> [YOUR ASSIGNMENT]: Repeat exactly the lines beginning at the one that contains "Adidas Tater TPU" and running to the end of the material. Omit the pictures.

> [PROVIDED DATA]:
= Beginning of Section =
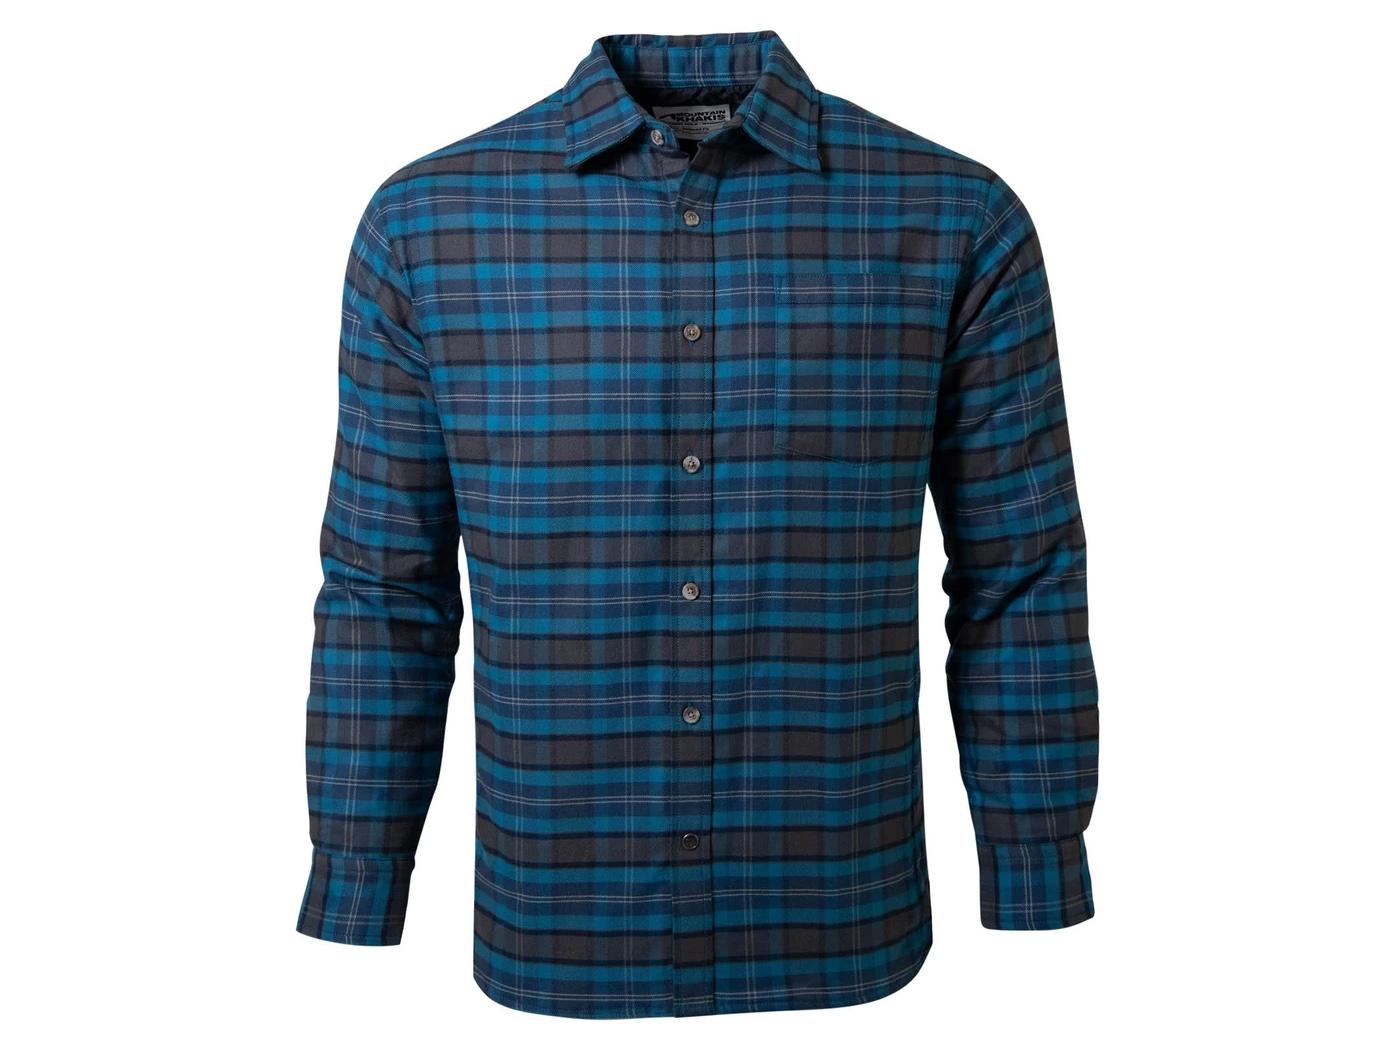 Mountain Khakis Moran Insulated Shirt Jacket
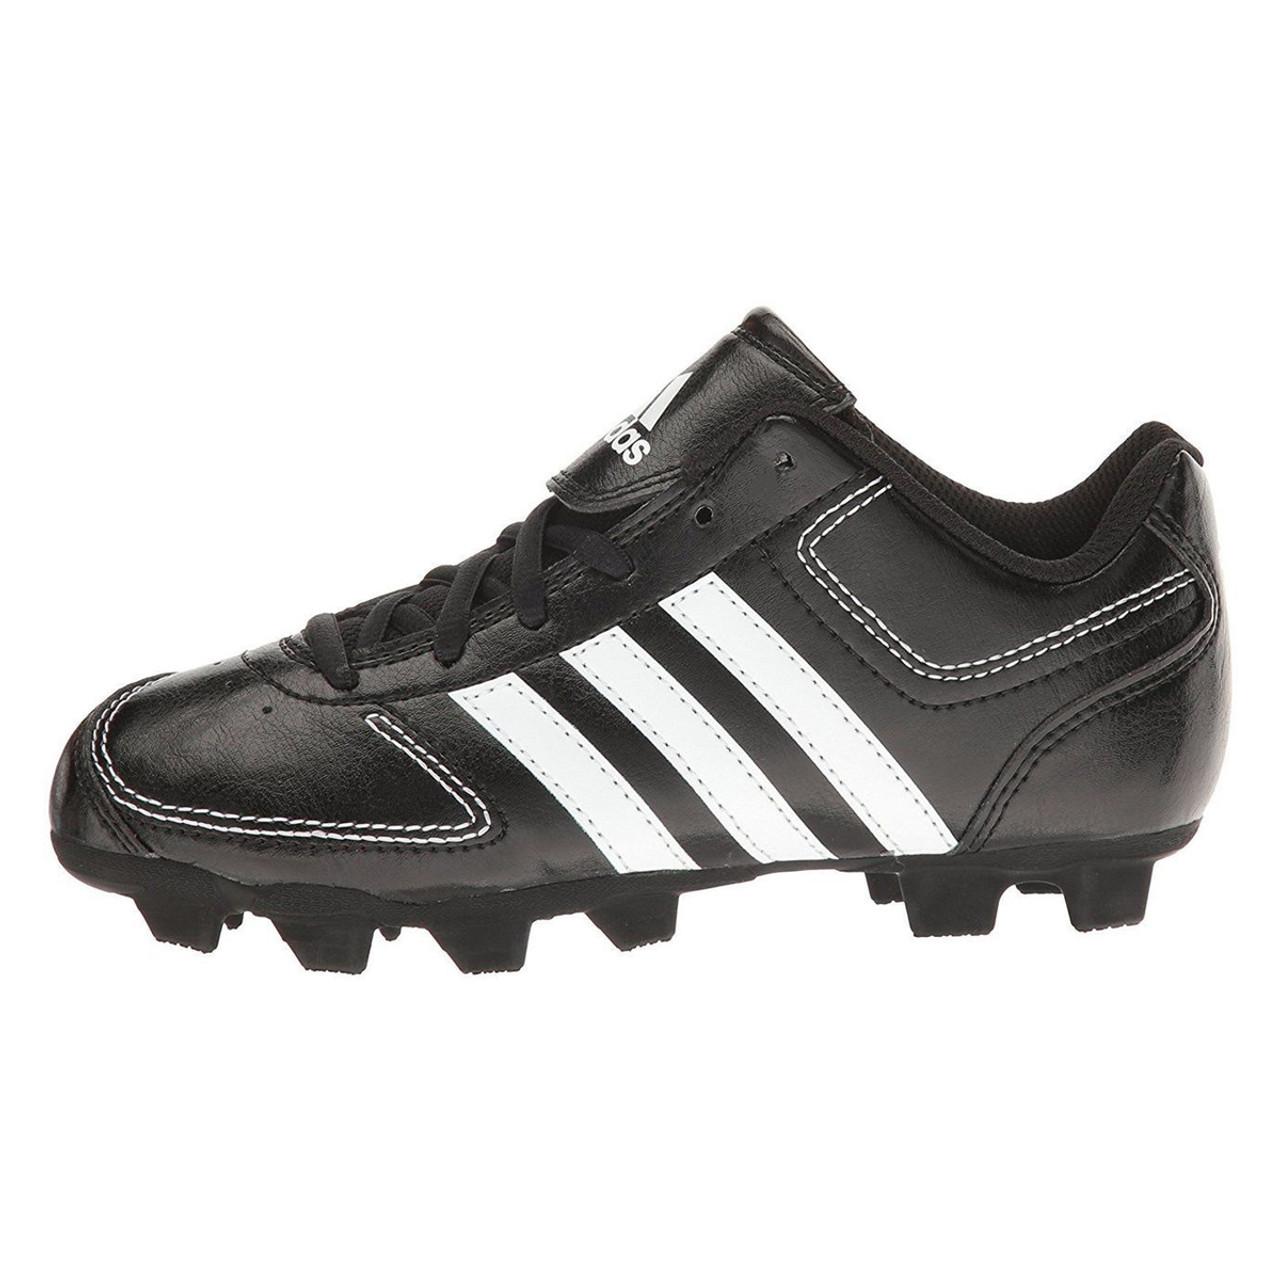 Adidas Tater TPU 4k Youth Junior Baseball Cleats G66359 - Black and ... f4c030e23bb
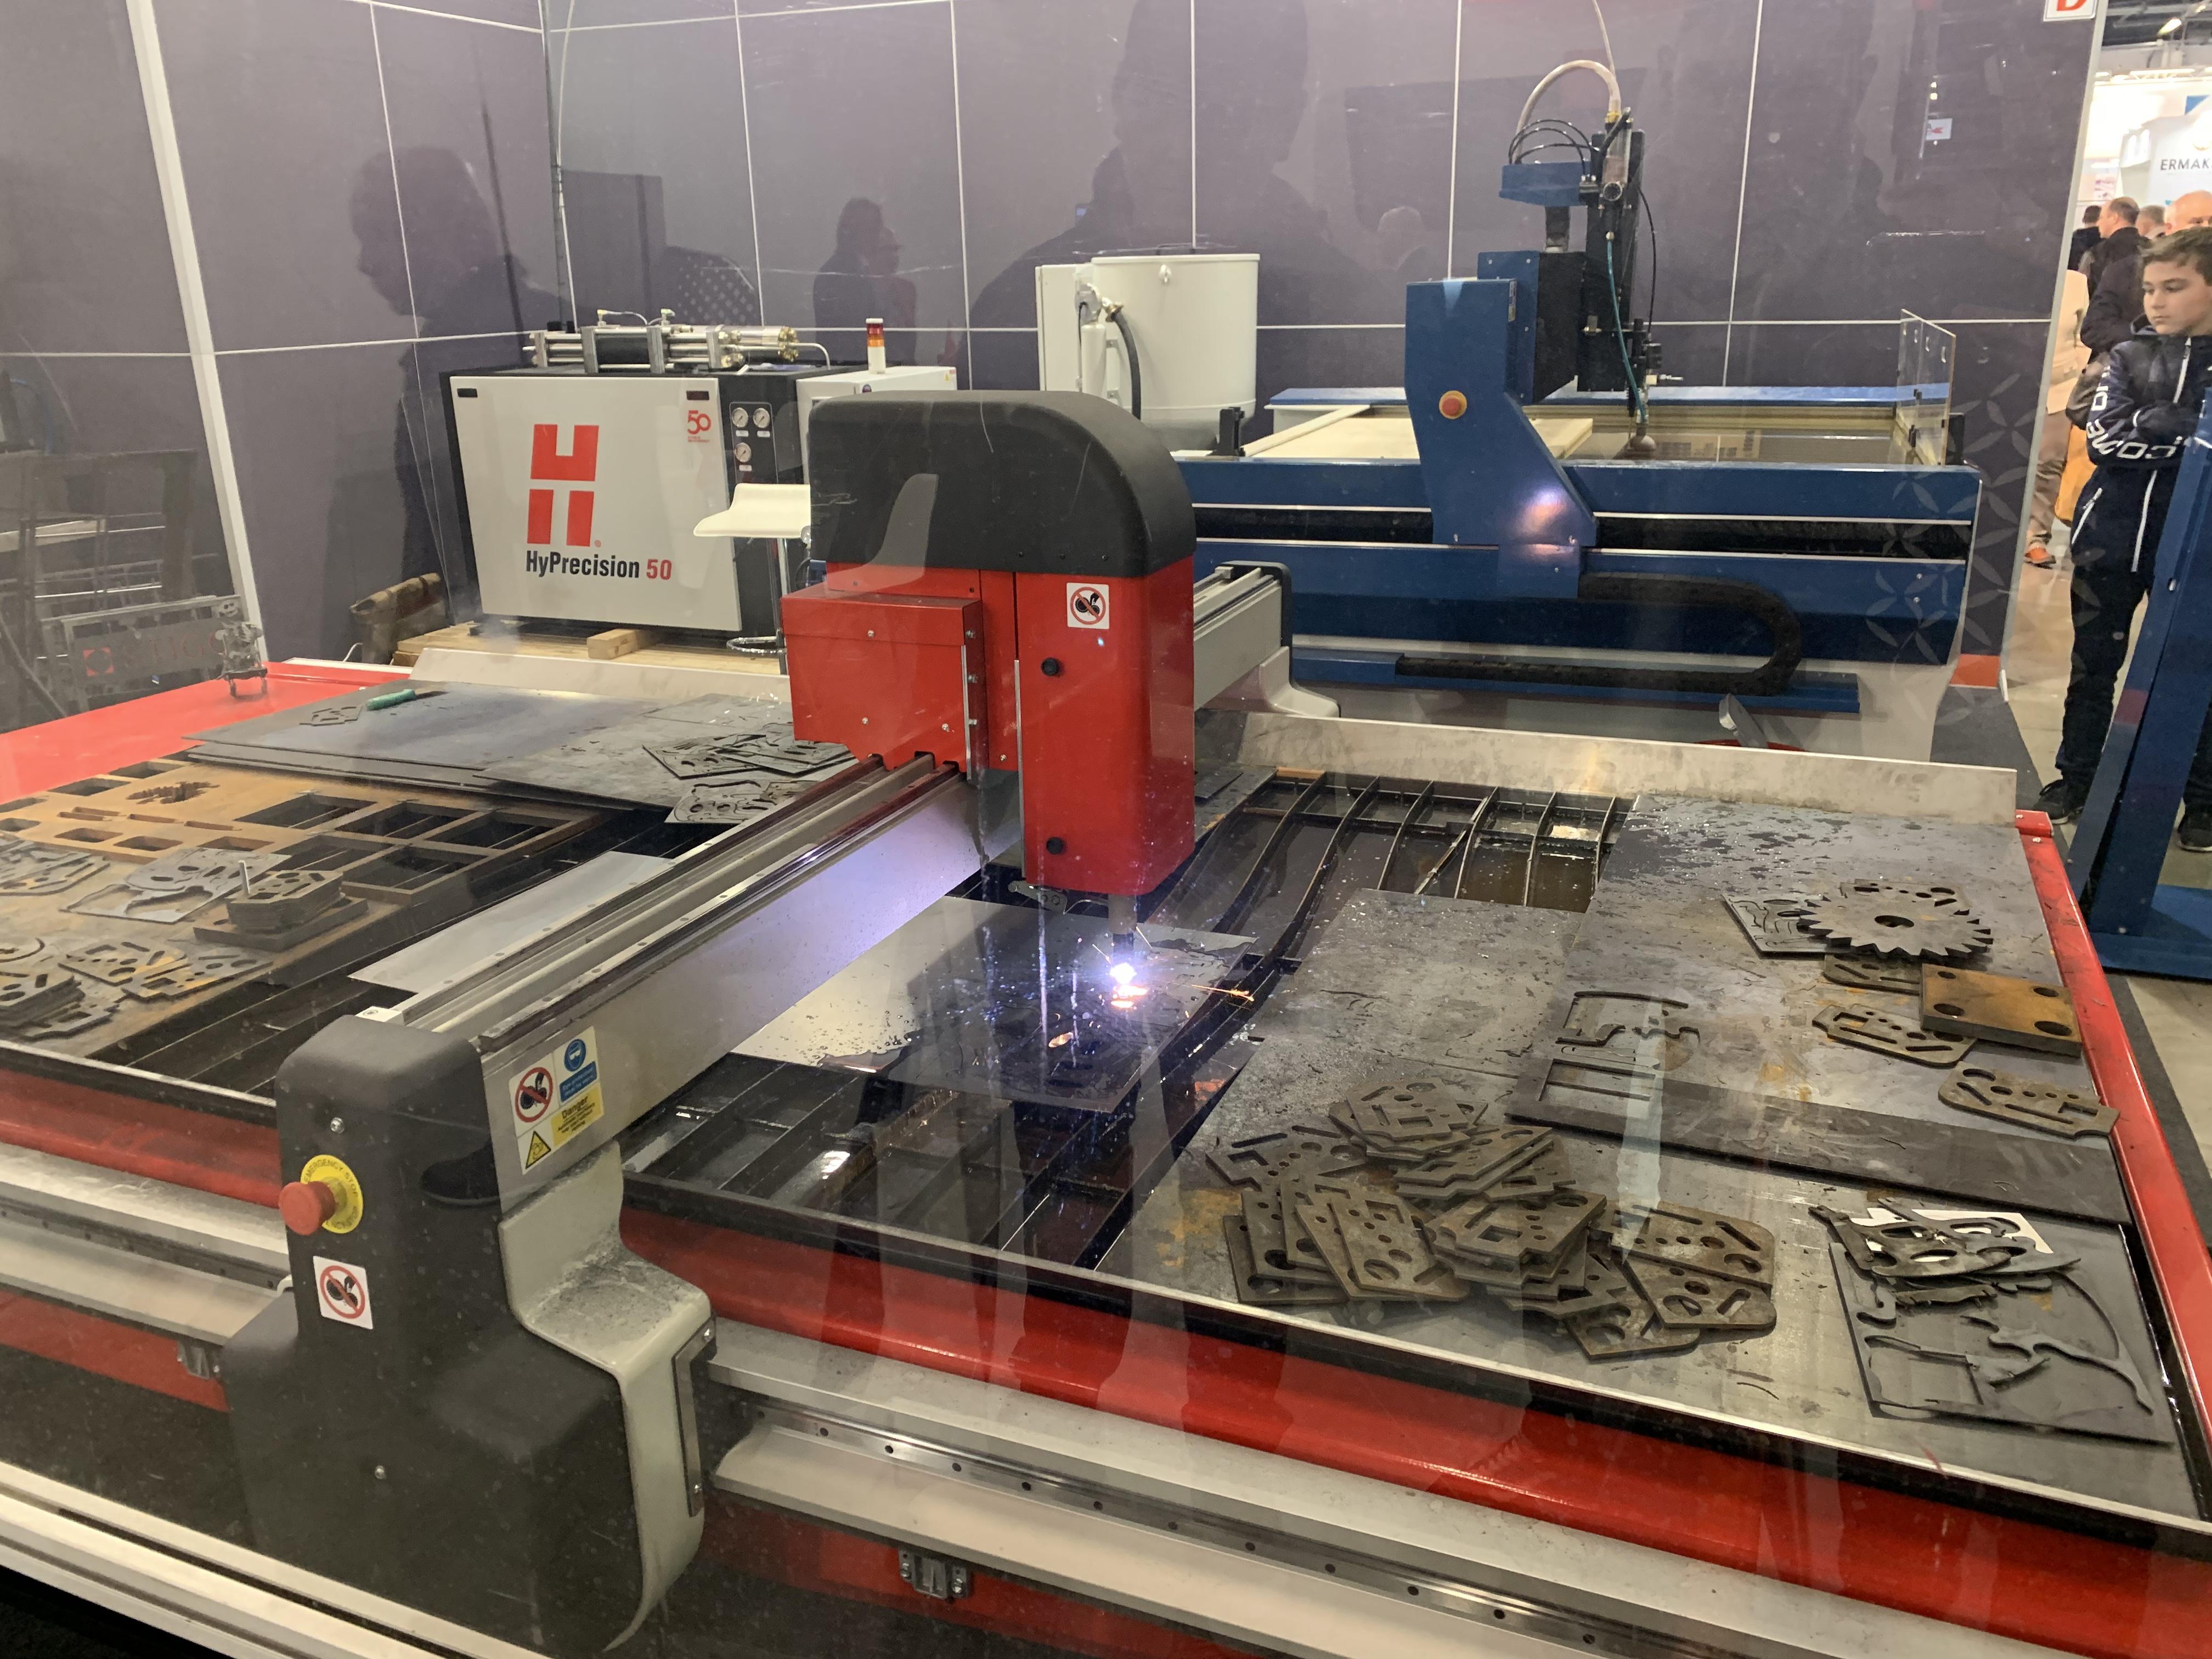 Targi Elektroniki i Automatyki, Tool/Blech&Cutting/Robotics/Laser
= End of Section =
> [ANSWER FOR THIS EXERCISE]:
 Adidas Tater TPU 4k Youth Junior Baseball Cleats G66359 - Black and ... f4c030e23bb
 Targi Elektroniki i Automatyki, Tool/Blech&Cutting/Robotics/Laser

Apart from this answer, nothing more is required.